▶ **Recorded data**:
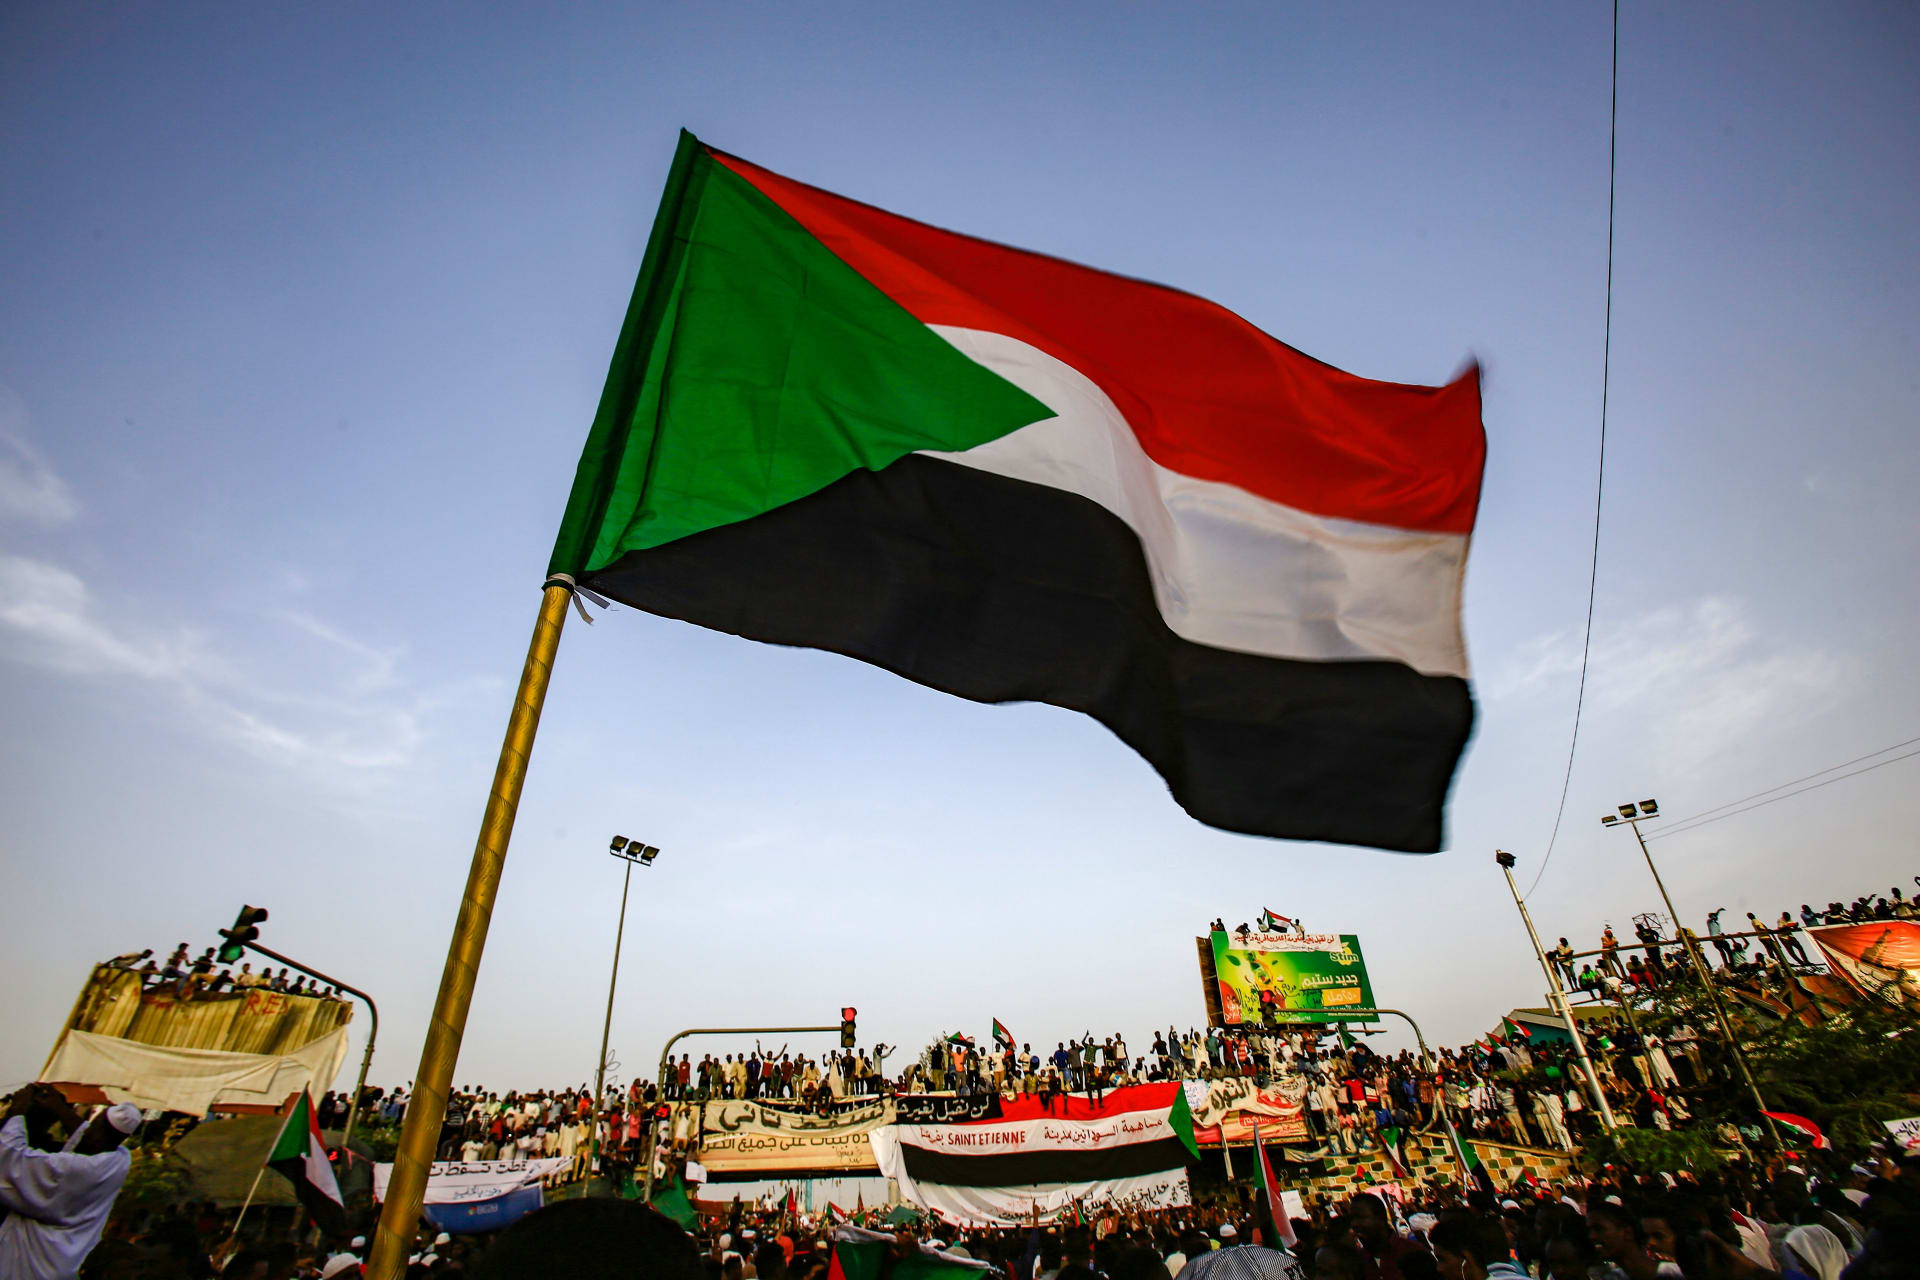 نائب مصري يدعو إحدى الدول لـ"رفع يدها" عن السودان.. ويحذر: القاهرة لن تقف صامتة
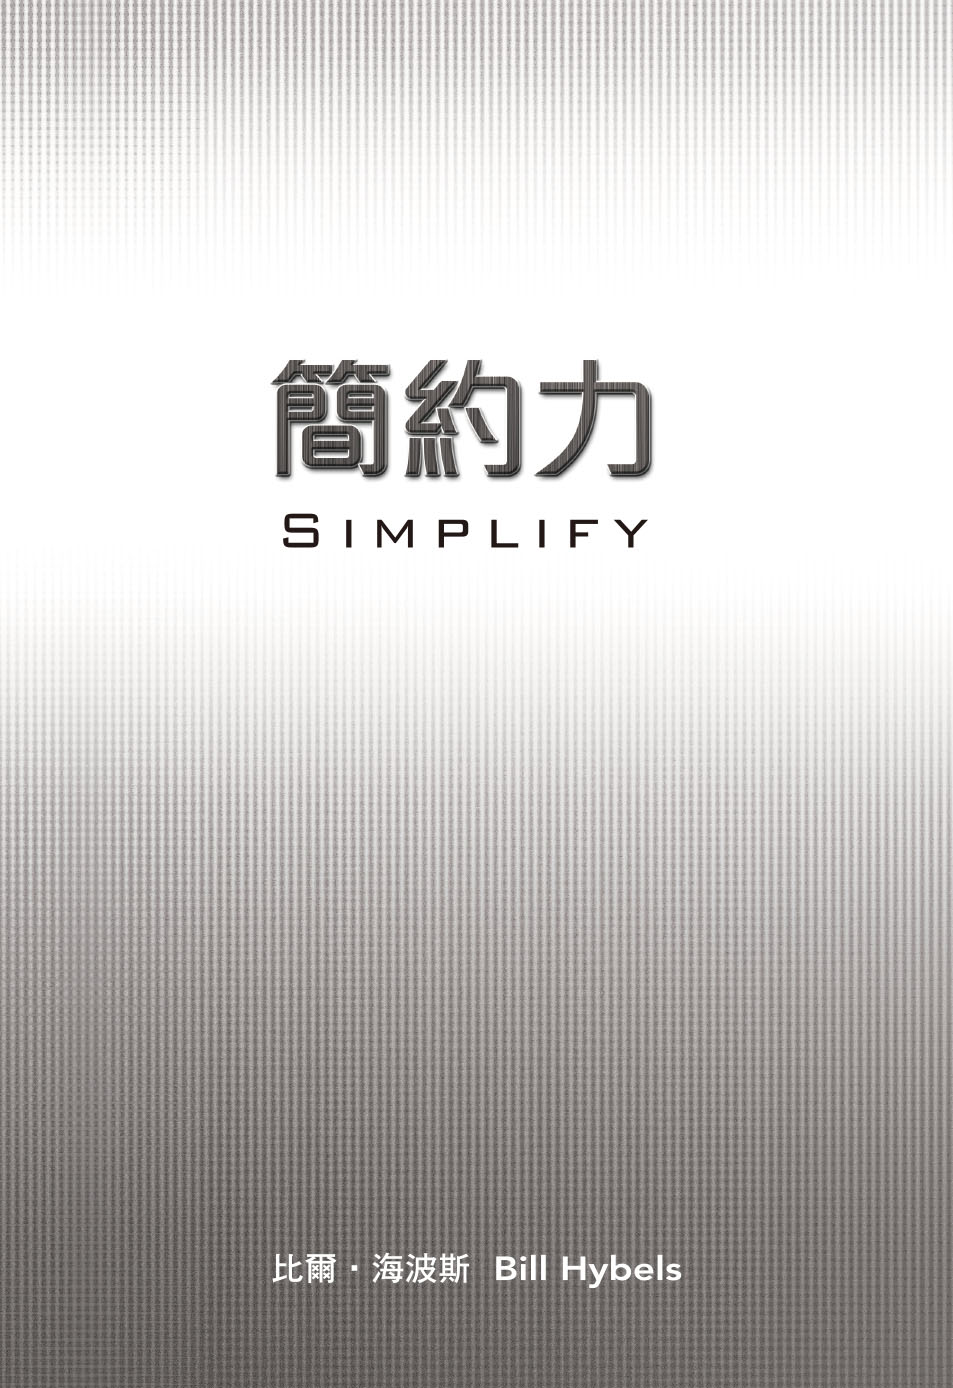 ²O Simplify
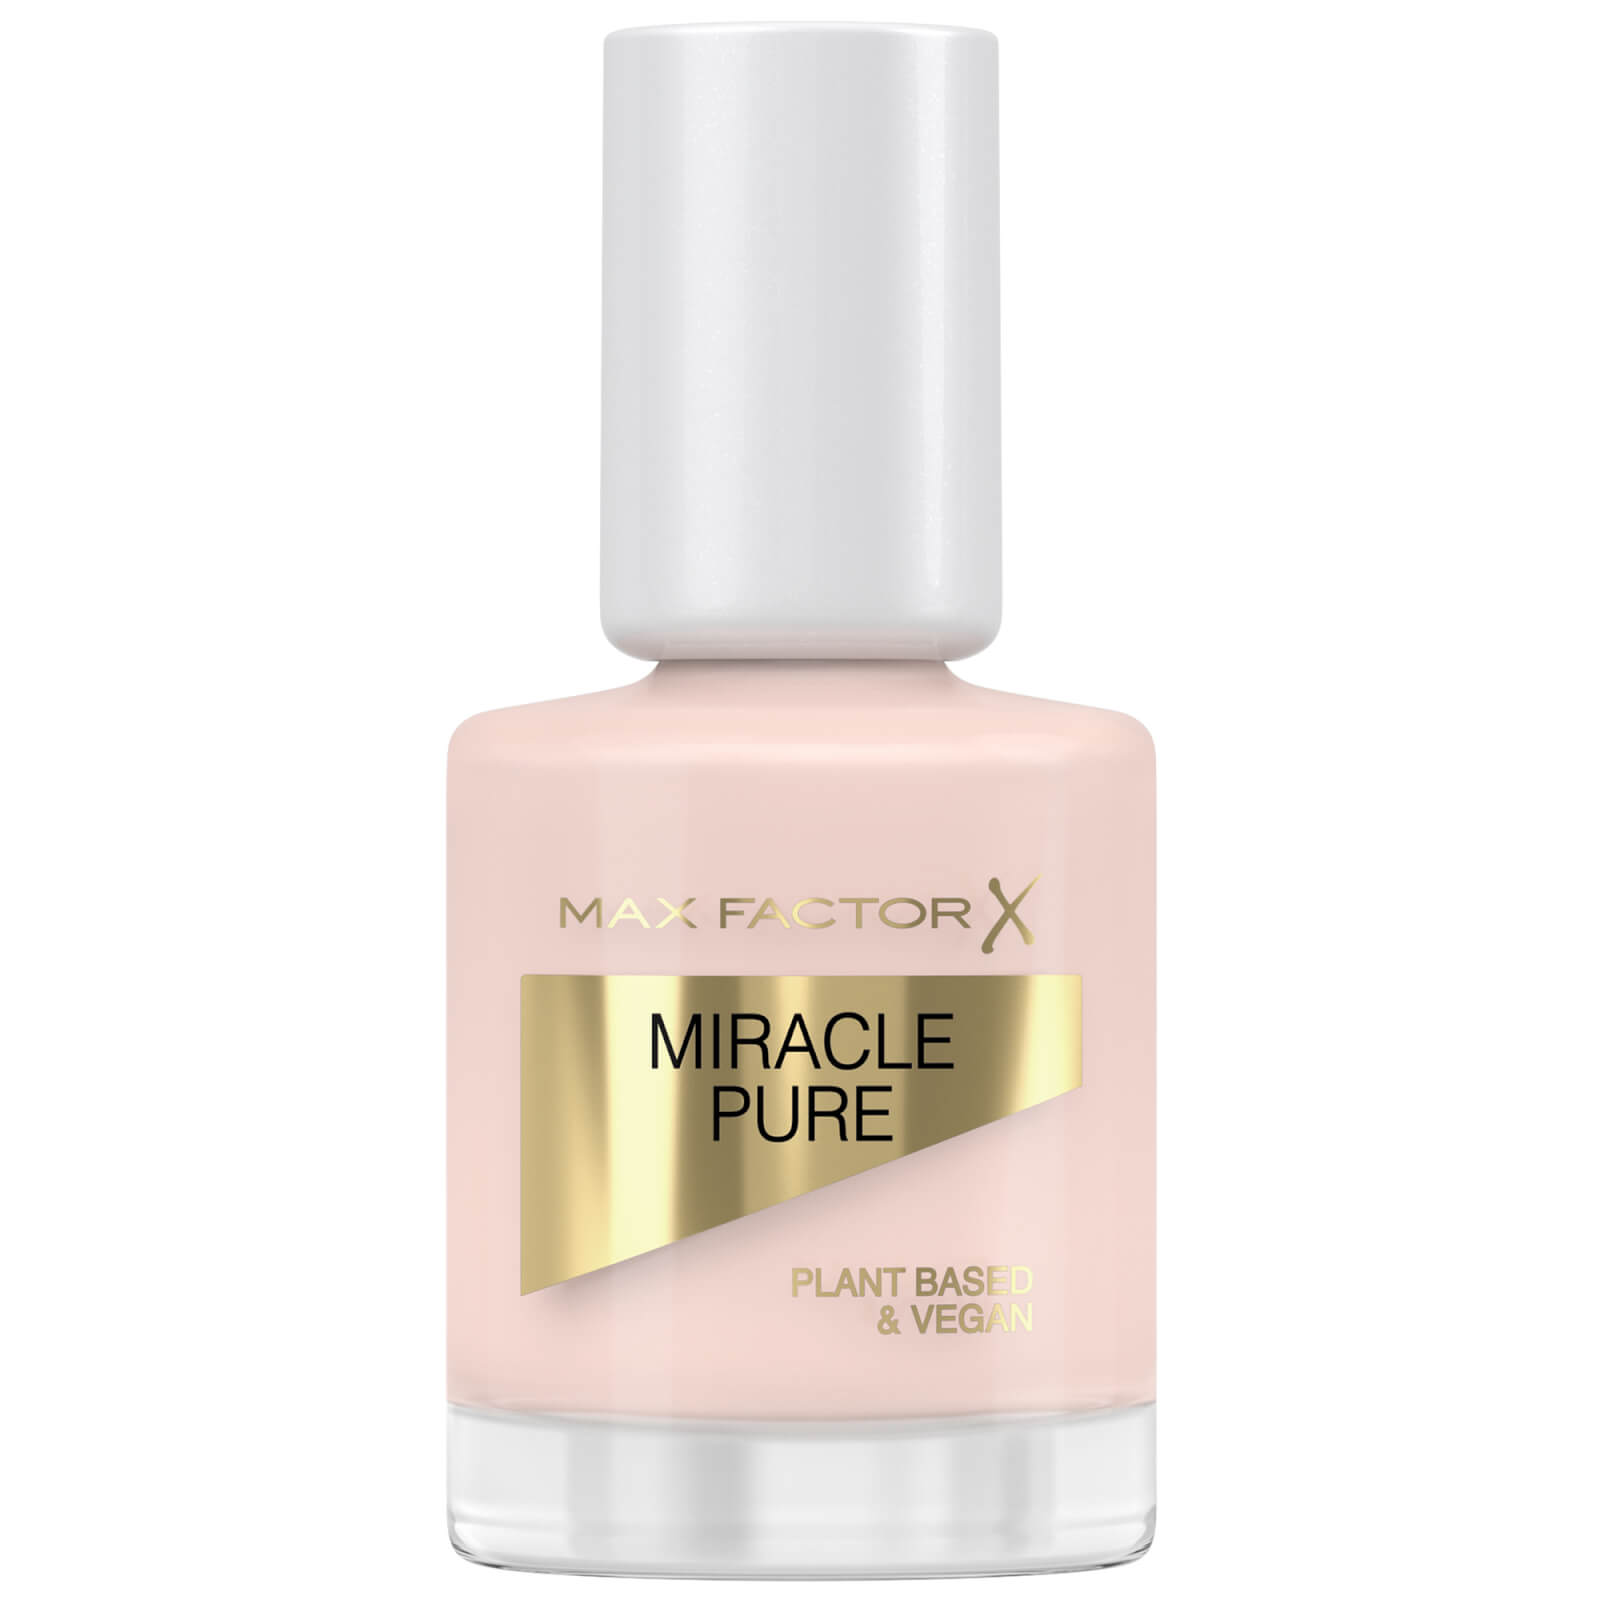 Max Factor Miracle Pure Nail Polish Lacquer 12ml (various Shades) - Nude Rose

▶ **Assignment**:
Output each line above exactly as it stands, omitting the pictures.

▶ **Response to the exercise**:
 نائب مصري يدعو إحدى الدول لـ"رفع يدها" عن السودان.. ويحذر: القاهرة لن تقف صامتة
 ²O Simplify
 Max Factor Miracle Pure Nail Polish Lacquer 12ml (various Shades) - Nude Rose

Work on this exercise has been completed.